Is this good enough?

import std.stdio, std.conv;
enum TC { A, B, C }
void main() {
    writeln(typeof(TC.A).stringof, ".", to!string(TC.A));
}


> A bit strange that '%s' does not produce the same string as to!string...

I agree, I have a bug report on this.

Bye,
bearophile
February 11, 2011
spir Wrote:

> On 02/11/2011 06:49 PM, Jesse Phillips wrote:
> > spir Wrote:
> >
> >> Hello,
> >>
> >> To denote a member 'm' of an enum 'e', one needs to write "e.m". Is there a way
> >> to get back this "name"?
> >> Here are my best trials:
> >
> > Maybe to!string(Enum.i) should return the enum name with it's field. This makes since because it is trying to return its name, and for named enums, where it comes from is important.
> 
> That's what I wrote, precisely (see example in OP), and it returns only "i".

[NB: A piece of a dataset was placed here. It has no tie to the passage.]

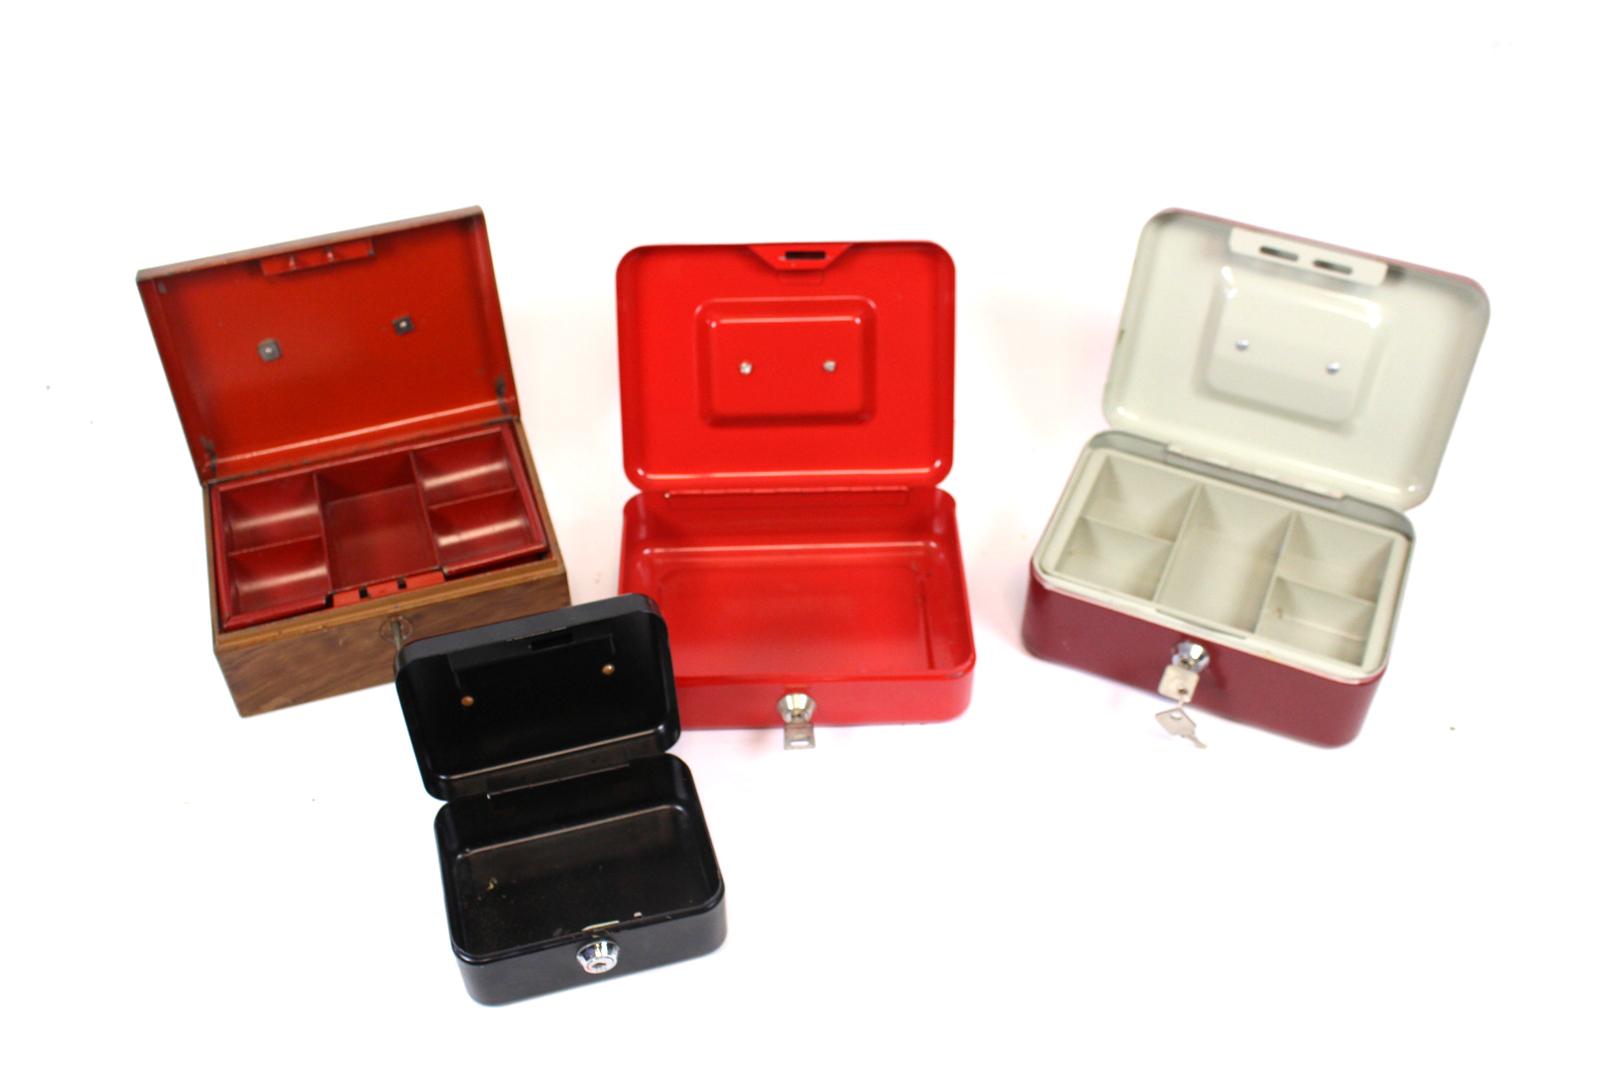 4 er set geld kassetten stahl metall m schl ssel rot braun alte kassette kasse ebay. Black Bedroom Furniture Sets. Home Design Ideas

It look like you were asking how you could do it, not that to!string should do it for you. My thought is added it to bugzilla.
February 11, 2011
On 02/11/2011 07:39 PM, bearophile wrote:
> spir:
>
>> To denote a member 'm' of an enum 'e', one needs to write "e.m". Is there a way
>> to get back this "name"?
>
> Is this good enough?
>
> import std.stdio, std.conv;
> enum TC { A, B, C }
> void main() {
>      writeln(typeof(TC.A).stringof, ".", to!string(TC.A));
> }

Yo! thank you Bearophile.

>> A bit strange that '%s' does not produce the same string as to!string...
>
> I agree, I have a bug report on this.

More generally, I think default %s and to!string should systematically output the literal notation able to reconstruct the string'ed element. I mean, as far as possible without getting into much complication (in cases of struct or class object, which often have data members not read in by the contructor).
About the annoying case of strings, is there a tool func somewhere to reconstruct an escaped version? (like eg when the string holds '"') I have looked for it without success. Else, i guess Phobos very much needs that. (the equivalent of python's %r or repr() for strings)

Simple, clear, consistent, informative, useful.